Bu yazımızda, bu hataya minimal düzeyde düşerek, kuantum nesnelerin neden klasik fizikteki gibi davranmadığını düşündüğümüzü anlatacağız. Ancak kuantum süperpozisyon deneylerini daha iyi anlayabilmek için, bunu sınamakta kullanabileceğimiz bir diğer önemli kuantum kavramı olan kuantum dolanıklık kavramını anlamamız gerekmektedir. Burada görece kısa bir özetini yapacağız; ama bunu çok daha kapsamlı öğrenmek için buradaki yazımızı okumanızı öneririz.
Kuantum Dolanıklık Nedir?
Kuantum dolanıklık, aynı sistemin parçaları olan iki parçacığın (mesela iki elektronun) "kuantum durumlarının", yani belli özellik kümelerinin birbirine bağımlı olması demektir.
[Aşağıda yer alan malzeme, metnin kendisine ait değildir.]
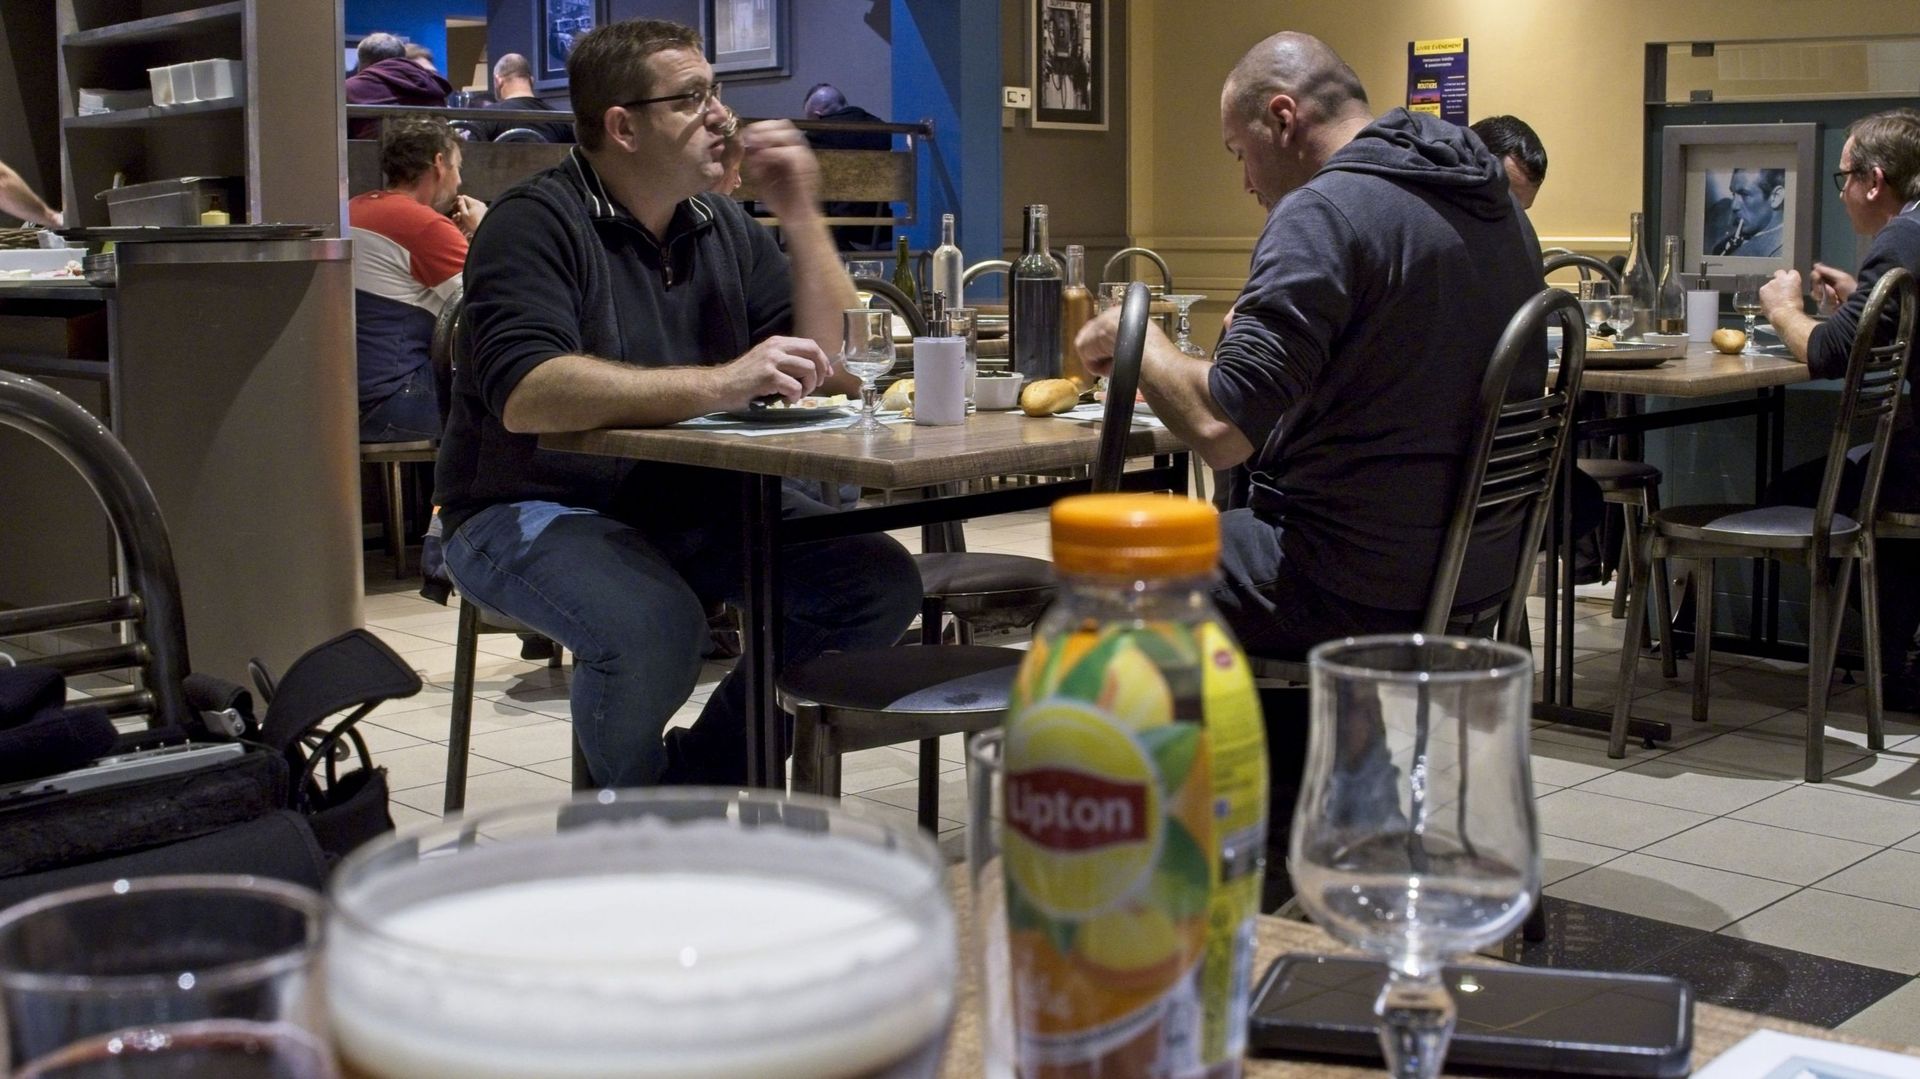 deconfinement-une-etude-americaine-preconise-de-restreindre-l-occupation-dans-les-restaurants-les-bars-et-les-salles-de-fitness

Aslında bunda tek başına bir tuhaflık yoktur; sonuçta klasik dünyada da sistemlerin parçaları birbirine bağlı olabilir: Örneğin "Trafik ışığının rengi kırmızıysa trafik durur haldedir, yeşilse akan haldedir." diyebiliriz.
Kuantum dolanıklıkla ilgiliyse tuhaf olan; bu parçalar birbirinden kilometrelerce, hatta bir galaksi boyunca ayrıştırılacak olsalar bile, sistemin o "dolanık" dediğimiz "birbirine bağımlı parçaları"nın birbirini etkilemeye devam etmesidir. Yani trafiğin, galaksinin öteki ucunda yanan ve sönen bir ışığa bağlı olarak, galaksinin bu ucunda, anlık olarak akması veya durması gibi düşünebilirsiniz.
İşte bu, absürttür. Çünkü Evren'deki hız limiti ışık hızına eşittir. Bu, sadece ışıkla ilgili bir sınır da değildir bilgi transferinin maksimum hızı da ışık hızıdır. Dolayısıyla galaksinin bir ucunda olan biten, diğer ucunu anca ışığın o galaksi genişliğini kat edebileceği sürede etkileyebilmelidir. Örneğin Samanyolu Galaksisi 105.700 ışık yılı genişliktedir; dolayısıyla bir uçtaki olayın, diğer ucu etkilemesi en az 105.700 yıl sürmelidir. Ama kuantum dolanık nesneler, bunu anında yapabilmektedirler. Bu, doğru olduğunu bildiğimiz Einstein'ın Özel Görelilik Teorisi'ni ihlal etmektedir - ki tahmin edebileceğiniz gibi bu, fizik için açıklanması gereken büyük bir sorundur.
Spin Nedir?
Ama iş, bundan da beterdir: Çünkü bir düşünün, dolanık haldeki kuantum nesnelerin birbirine ilettiği bilgi nedir? "Kuantum durumları". Bu durum konumları olabilir, hızları olabilir, başka bir fiziksel büyüklük olabilir; ama genelde deneylerde kullanılan büyüklük, "spin" (yani "dönme", "dönüş") adını verdiğimiz bir özelliktir. Aslında elektronlar çok küçük bir top veya bilye gibi nesneler değillerdir; dolayısıyla bir basketbol topunun döndüğü gibi dönmezler. Ama sahip oldukları kuantum özelliğin matematiği, tıpkı dönen bir topunki gibi işlemektedir; o nedenle ona "spin" deriz.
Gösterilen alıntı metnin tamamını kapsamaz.